__WHAT YOU NEED TO DO__: If a line holds the word "Plus", copy it from the entries.

__Items listed in a dataset__:
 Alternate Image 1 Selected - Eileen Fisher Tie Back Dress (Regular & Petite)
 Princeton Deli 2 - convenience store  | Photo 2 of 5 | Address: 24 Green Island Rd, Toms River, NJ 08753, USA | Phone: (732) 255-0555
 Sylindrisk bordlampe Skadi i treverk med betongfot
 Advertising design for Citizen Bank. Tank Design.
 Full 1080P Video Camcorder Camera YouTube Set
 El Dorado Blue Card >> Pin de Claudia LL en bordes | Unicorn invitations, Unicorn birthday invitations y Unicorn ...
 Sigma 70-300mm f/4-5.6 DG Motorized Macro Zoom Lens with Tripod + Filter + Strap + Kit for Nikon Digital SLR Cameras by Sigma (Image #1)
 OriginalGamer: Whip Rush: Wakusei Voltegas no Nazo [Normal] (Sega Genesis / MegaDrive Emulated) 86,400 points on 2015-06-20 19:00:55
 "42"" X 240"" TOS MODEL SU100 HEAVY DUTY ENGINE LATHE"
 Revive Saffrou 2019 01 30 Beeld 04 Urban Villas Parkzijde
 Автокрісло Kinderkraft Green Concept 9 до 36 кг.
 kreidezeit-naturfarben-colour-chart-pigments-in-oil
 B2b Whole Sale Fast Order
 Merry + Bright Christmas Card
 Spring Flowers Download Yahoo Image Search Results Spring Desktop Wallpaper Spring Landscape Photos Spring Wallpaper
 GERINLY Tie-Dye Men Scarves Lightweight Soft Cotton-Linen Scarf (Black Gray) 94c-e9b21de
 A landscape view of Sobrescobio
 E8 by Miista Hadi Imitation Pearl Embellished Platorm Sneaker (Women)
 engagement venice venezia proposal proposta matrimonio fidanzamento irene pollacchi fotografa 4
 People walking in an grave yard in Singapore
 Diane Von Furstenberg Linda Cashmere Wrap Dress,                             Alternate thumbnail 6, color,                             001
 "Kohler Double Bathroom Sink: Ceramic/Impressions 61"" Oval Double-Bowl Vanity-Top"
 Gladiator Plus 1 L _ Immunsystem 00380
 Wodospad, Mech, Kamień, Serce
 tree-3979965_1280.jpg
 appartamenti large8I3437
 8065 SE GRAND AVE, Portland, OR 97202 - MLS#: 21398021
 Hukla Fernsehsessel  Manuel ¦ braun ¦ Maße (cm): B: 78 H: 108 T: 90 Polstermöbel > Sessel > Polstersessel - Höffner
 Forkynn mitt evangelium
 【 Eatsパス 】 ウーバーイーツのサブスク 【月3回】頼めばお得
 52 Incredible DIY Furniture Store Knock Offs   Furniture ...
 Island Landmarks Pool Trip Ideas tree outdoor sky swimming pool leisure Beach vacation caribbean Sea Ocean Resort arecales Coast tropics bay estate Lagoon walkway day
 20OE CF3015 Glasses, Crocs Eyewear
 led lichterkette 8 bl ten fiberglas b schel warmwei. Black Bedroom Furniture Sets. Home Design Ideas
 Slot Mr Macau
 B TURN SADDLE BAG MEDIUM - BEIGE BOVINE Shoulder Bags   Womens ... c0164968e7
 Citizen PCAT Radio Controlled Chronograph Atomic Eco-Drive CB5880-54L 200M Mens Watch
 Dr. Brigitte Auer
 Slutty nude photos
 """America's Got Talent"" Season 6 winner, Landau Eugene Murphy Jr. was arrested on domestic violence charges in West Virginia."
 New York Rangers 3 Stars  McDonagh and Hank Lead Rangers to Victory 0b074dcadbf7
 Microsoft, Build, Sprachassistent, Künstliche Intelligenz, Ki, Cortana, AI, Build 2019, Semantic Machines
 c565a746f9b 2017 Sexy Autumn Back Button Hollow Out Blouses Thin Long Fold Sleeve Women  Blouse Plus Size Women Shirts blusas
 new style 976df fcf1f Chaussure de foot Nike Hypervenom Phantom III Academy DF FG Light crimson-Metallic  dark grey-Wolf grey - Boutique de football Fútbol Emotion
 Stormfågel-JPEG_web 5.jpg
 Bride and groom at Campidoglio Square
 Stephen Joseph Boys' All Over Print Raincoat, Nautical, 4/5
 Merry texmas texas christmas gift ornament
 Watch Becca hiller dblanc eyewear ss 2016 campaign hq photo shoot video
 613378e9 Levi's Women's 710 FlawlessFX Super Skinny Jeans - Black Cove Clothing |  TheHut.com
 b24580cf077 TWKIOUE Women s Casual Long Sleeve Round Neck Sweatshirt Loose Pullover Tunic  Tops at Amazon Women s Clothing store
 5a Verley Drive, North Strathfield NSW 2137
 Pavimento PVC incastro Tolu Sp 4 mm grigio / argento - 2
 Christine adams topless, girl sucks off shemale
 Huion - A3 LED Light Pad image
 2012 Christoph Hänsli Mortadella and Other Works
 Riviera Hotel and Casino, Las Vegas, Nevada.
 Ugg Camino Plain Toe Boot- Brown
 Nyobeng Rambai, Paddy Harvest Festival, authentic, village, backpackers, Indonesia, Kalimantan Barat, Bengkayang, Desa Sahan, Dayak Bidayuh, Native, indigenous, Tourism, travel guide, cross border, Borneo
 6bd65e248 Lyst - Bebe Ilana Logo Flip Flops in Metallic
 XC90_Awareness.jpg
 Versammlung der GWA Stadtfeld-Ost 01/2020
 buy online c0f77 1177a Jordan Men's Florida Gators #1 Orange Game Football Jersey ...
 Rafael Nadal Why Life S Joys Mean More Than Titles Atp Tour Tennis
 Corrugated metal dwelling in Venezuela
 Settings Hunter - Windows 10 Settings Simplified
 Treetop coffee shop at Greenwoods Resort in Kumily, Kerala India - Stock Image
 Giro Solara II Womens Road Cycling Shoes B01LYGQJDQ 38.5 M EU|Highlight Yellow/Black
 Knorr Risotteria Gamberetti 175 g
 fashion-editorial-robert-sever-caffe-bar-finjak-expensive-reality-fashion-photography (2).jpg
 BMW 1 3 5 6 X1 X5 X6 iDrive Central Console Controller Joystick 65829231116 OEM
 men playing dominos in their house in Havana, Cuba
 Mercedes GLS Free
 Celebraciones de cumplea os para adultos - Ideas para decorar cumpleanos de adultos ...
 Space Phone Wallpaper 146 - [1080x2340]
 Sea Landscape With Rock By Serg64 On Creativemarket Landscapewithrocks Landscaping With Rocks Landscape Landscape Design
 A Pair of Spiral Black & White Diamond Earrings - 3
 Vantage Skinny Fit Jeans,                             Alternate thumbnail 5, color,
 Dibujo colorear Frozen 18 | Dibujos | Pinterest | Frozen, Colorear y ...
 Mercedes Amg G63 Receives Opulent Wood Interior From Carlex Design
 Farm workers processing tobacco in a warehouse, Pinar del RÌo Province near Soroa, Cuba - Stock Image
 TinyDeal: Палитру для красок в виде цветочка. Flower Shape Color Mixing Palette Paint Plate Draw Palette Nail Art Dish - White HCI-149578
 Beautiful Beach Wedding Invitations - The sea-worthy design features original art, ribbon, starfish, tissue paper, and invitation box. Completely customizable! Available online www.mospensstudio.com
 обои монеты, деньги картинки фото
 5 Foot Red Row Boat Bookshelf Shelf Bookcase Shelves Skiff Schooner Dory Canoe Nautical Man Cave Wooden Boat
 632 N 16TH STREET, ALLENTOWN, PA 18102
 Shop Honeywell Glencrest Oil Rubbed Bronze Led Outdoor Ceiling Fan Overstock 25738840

__YOUR RESPONSE__:
 Gladiator Plus 1 L _ Immunsystem 00380
 c565a746f9b 2017 Sexy Autumn Back Button Hollow Out Blouses Thin Long Fold Sleeve Women  Blouse Plus Size Women Shirts blusas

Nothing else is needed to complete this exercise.